▶ [Requirement]: Repeat the line that contains "Dorman 300-137 Power Steering Pulley" exactly, along with each following line up to and including the last line of the entries.

[Record set Boundary: Start]

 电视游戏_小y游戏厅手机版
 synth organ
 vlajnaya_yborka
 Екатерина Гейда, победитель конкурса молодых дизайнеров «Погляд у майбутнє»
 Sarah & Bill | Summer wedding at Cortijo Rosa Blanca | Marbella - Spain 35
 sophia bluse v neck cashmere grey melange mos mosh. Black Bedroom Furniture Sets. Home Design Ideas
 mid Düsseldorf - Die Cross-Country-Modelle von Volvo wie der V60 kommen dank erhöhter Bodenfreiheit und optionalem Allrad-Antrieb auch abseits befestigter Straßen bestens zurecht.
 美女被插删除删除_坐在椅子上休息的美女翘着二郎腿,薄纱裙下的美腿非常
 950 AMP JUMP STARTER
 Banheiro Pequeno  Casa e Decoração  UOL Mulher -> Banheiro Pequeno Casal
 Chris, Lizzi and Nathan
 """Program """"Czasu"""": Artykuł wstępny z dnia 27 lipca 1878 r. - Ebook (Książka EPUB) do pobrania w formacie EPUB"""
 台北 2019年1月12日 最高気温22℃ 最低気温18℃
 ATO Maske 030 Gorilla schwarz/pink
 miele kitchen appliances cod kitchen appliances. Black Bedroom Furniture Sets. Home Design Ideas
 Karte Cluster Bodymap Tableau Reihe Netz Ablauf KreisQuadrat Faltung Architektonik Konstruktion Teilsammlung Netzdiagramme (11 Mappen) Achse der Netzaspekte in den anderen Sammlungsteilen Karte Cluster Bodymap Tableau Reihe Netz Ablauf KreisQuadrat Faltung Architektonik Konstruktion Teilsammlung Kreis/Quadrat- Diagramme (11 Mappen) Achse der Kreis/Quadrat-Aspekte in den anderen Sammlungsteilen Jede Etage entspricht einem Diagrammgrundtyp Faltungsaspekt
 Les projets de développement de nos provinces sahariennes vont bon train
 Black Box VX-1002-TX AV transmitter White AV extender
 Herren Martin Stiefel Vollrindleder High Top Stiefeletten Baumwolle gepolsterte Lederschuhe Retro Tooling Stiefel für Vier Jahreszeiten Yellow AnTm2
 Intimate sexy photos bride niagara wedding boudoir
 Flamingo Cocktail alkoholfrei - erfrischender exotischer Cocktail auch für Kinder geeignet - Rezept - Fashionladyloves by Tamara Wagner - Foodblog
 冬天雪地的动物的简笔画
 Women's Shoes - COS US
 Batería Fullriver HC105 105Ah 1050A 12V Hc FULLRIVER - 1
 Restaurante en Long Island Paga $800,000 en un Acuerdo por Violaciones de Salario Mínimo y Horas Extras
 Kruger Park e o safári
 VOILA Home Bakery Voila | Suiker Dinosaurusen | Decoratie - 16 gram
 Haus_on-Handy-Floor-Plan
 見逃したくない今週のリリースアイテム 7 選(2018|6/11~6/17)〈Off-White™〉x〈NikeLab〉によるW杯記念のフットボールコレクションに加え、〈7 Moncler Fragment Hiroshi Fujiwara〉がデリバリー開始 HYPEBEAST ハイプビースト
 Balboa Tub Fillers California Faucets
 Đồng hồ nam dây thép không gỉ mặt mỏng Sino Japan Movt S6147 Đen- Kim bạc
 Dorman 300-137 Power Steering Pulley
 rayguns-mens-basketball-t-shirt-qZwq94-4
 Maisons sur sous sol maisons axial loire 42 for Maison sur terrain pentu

[Record set Boundary: End]

▶ [Exercise answer]:
 Dorman 300-137 Power Steering Pulley
 rayguns-mens-basketball-t-shirt-qZwq94-4
 Maisons sur sous sol maisons axial loire 42 for Maison sur terrain pentu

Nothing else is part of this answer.